3.1. Observation (wait and scan)

Before discussing the conservative strategy for treatment of VS, it is important to know the natural history of the disease. The average growth rate in VS is 2–2.5 mm/year [24]. Neurofibromatosis type II-associated vestibular schwannomas tend to be more aggressive, with an increased average growth rate of 4 mm per year [25]. Intrameatal tumors seem to have lower growth rates than extrameatal lesions, and a younger age is associated with a more rapid tumor growth.

More recently, an extensive research has been done on the natural history of VS, and it was found that there is a group of VS tumors that grows very slowly or even does not grow at all, and even hearing preservation is sometimes maintained [26]. A study was performed on the natural history of VS less than 2 cm has showed that only 17% of the intrameatal and 28.9% of the extrameatal tumors grew; it was also found that this growth exclusively occurred within 5 years of diagnosis [27]. Sughrue et al. performed a meta-analysis on conservative treatment (982 patients) and found better hearing preservation in patients with yearly tumor growth rate less than 2.5 mm (75 vs. 32%) [28].

Therefore, it is widely accepted that newly diagnosed asymptomatic VS could be considered for initial wait and scan strategy. Regular clinical and radiological examination should be performed, and active treatment is recommended in cases of significant tumor growth (more than 2 mm increase in the largest tumor diameter) [27].

3.2. Stereotactic radiosurgery

3.2.1. Techniques

Radiosurgery is a radiation procedure using converging, narrow ionizing beams, stereotactically focused on an intracranial predetermined target volume, in order to induce biological arrest or destructive effects within this volume with minimal irradiation of the surrounding tissues. The modalities currently used in stereotactic radiosurgery include either photon devices such as Gamma Knife (GK) and modified linear accelerators (LINAC) or proton and heavy-ion charged particles generated by a cyclotron or synchrotron [29].

3.2.1.1. Gamma Knife

Gamma Knife consists of a thick cast, hemispherical steel shell containing a dome-shaped core of 201 cylindrical Co-60 sources, all being radially aligned toward a common focal point situated at a distance of 40 cm [29]. During treatment, the patient’s head is fixed to the stereotactic frame. Ideally, the frame is placed such that the lesion to be treated is located as close to the frame center as possible. Following frame application, imaging is performed (usually MRI), and the images are interfaced with a computer software treatment planning system. Radiosurgical dose planning is the most critical aspect of the procedure, and preservation of cochlear and facial nerve function is the main concern during planning. For moderate-sized tumors, preservation of brainstem function is also a consideration. The 50% isodose line where radiation dose is half of the central dose is usually serving as the margin isodose. With the application of recent Gamma Knife models like Leksell Gamma Knife Perfexion and Model C lead to greater improvements in precise dose planning and hence the application of lower radiation dose to the tumor periphery has been available. Currently, 13 Gy is recommended as the tumor margin dose; this dose is associated with reduced complications and yet maintains a high rate of tumor control [30].

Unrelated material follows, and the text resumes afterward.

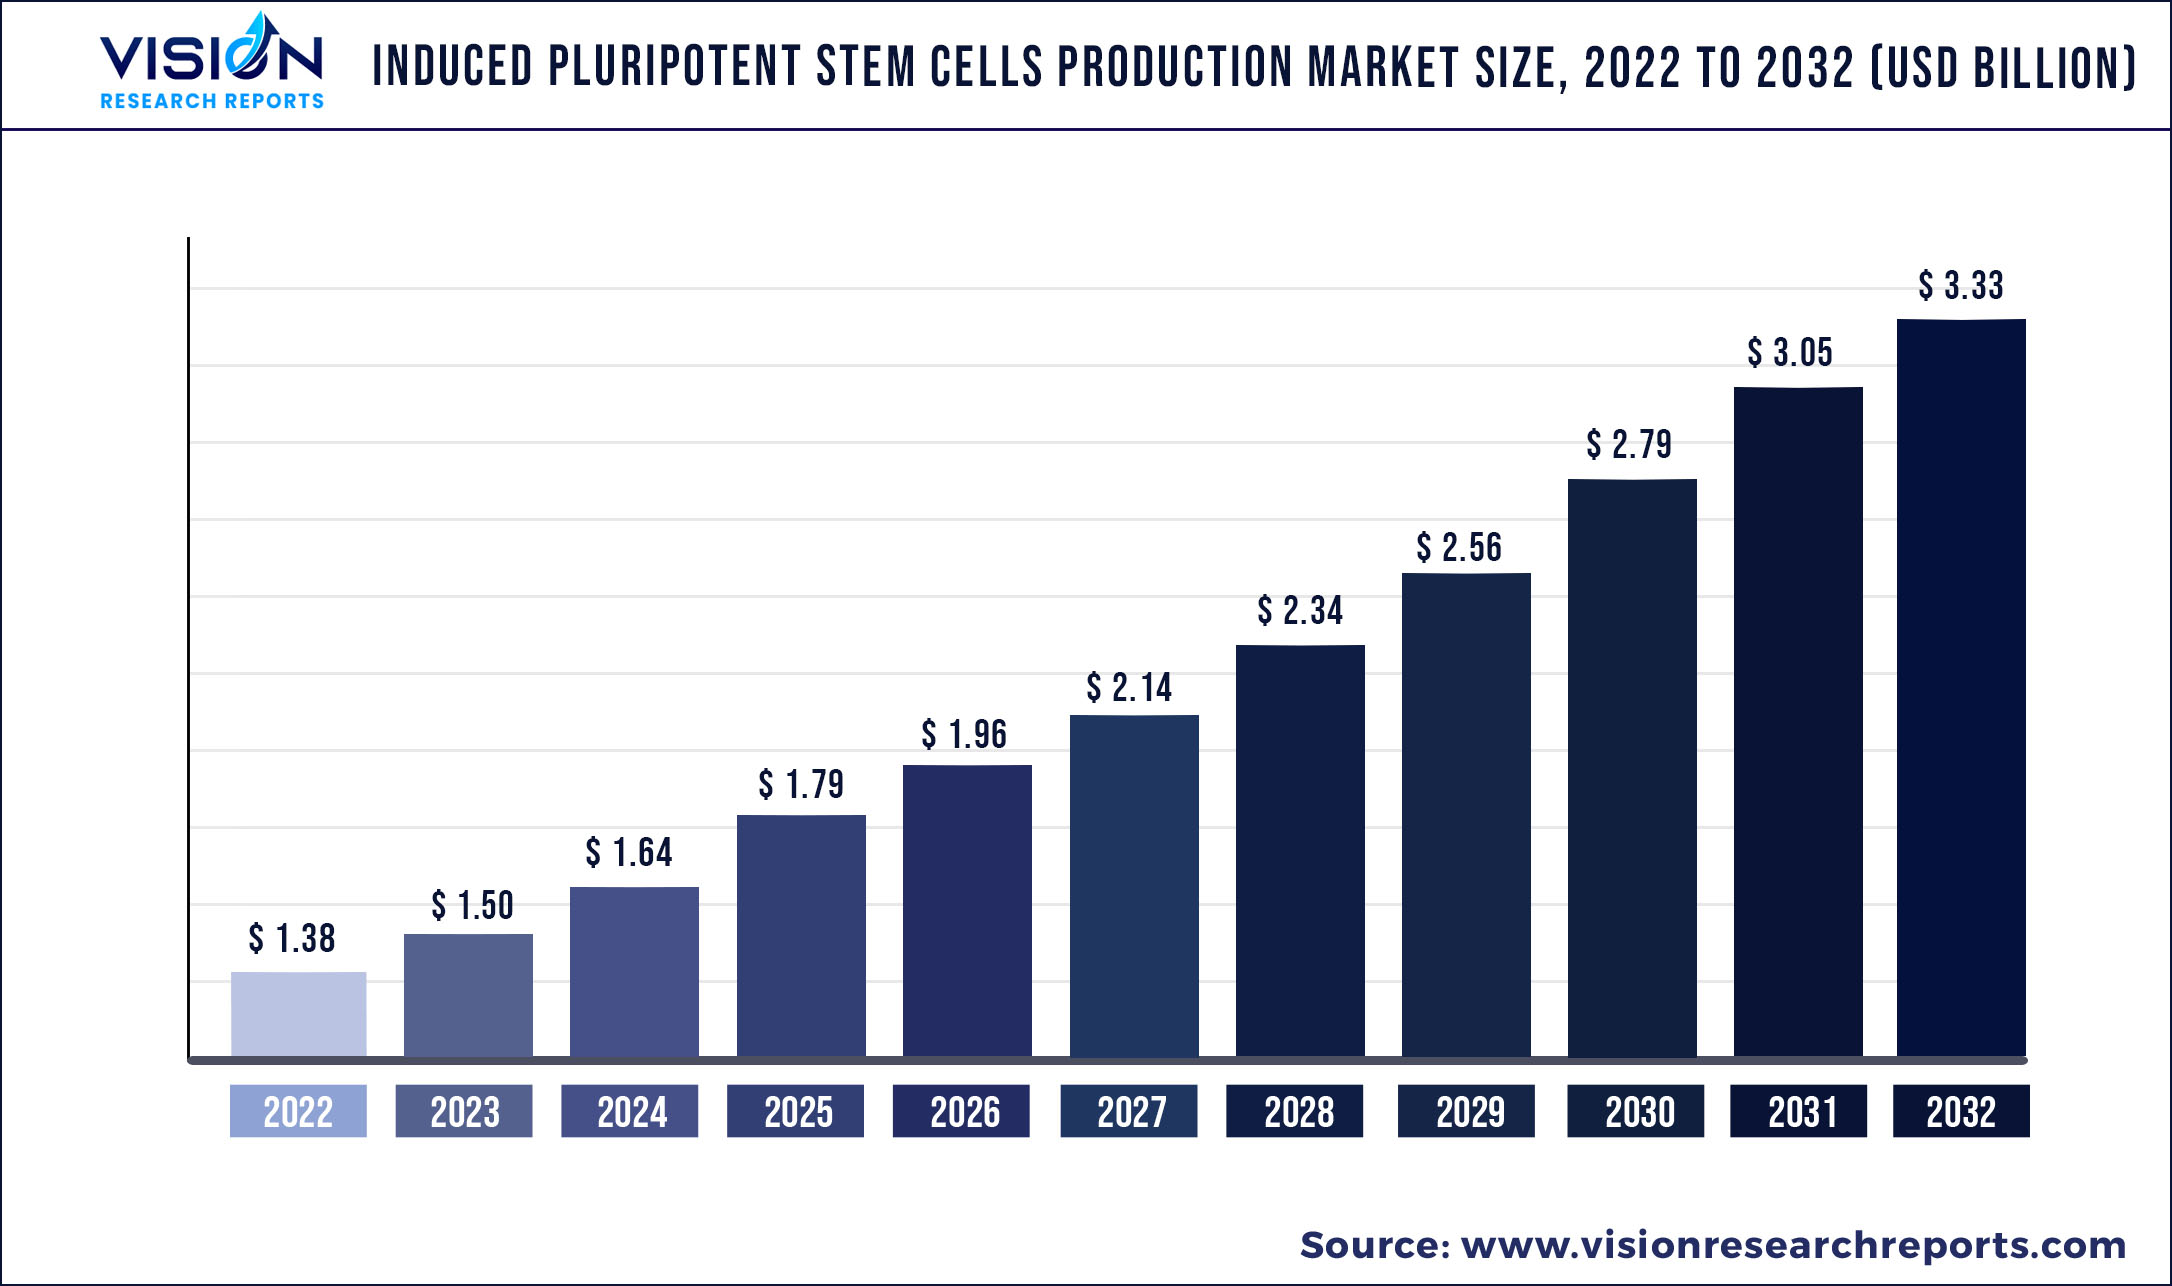 Induced Pluripotent Stem Cells Production Market Size 2023 to 2032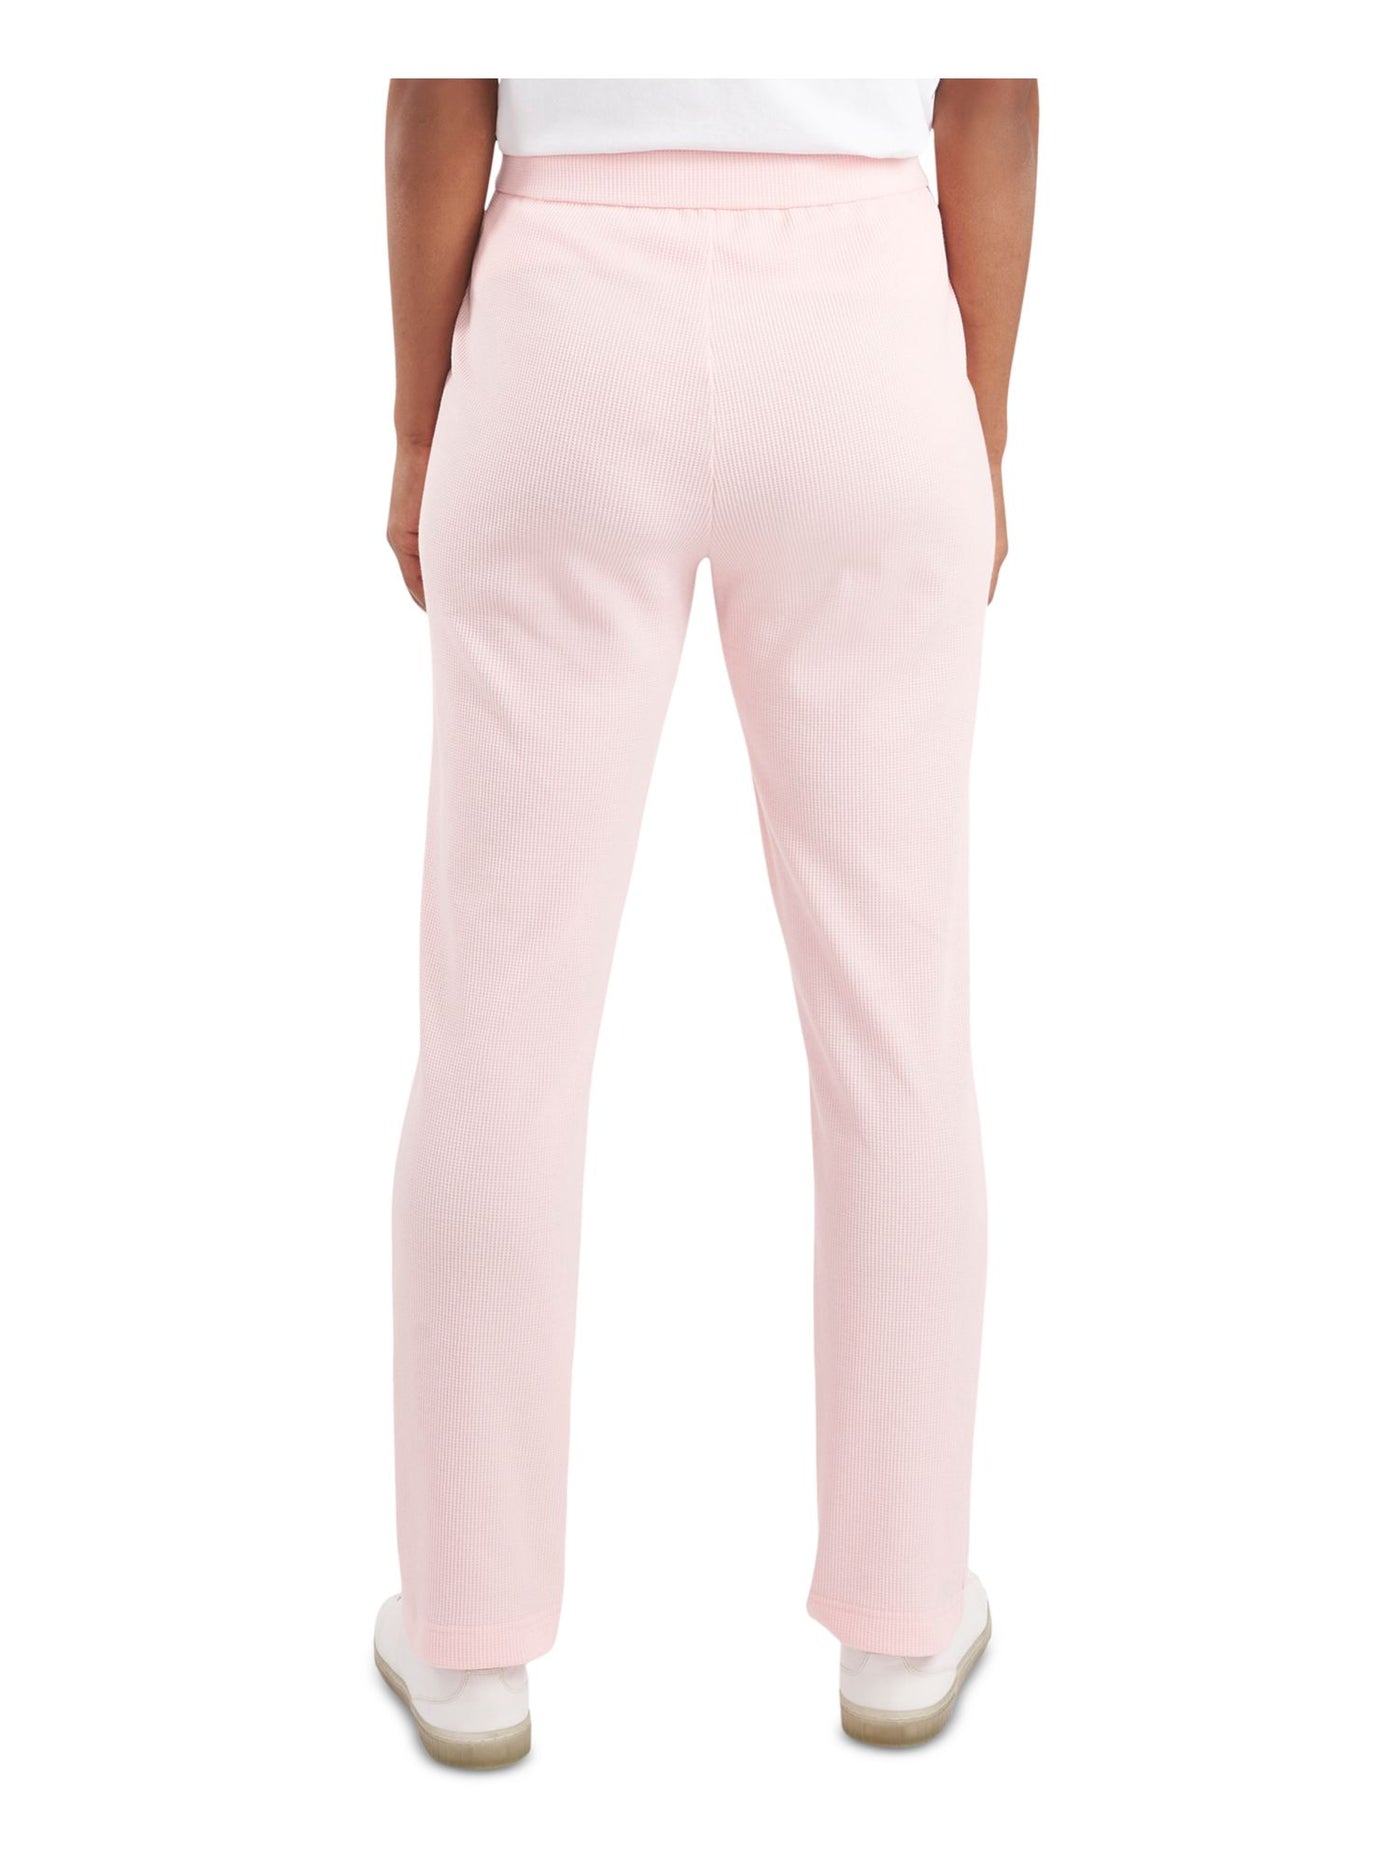 RILEY&RAE Womens Pink Stretch Pocketed Tie Waffle Knit Drawstring Lounge Pants S

3.2.1.2. Linear accelerator (LINAC) and CyberKnife

LINAC uses high-energy electromagnetic waves to accelerate electrons to high energy through a microwave structure. When the electron strikes a target, X-rays are produced. Like Gamma Knife, LINAC is based on using a stereotactic frame for lesion localization, treatment set-up, and patient immobilization during the treatment [29, 31]. The primary advantage of LINAC over Gamma Knife and cyclotron-based methods is the lower cost of installation. Other advantages include great flexibility in photon delivery, lack of a field size limitation, and the possibility of fractionation. Disadvantages include longer treatment times, especially for complex-shaped lesions [32].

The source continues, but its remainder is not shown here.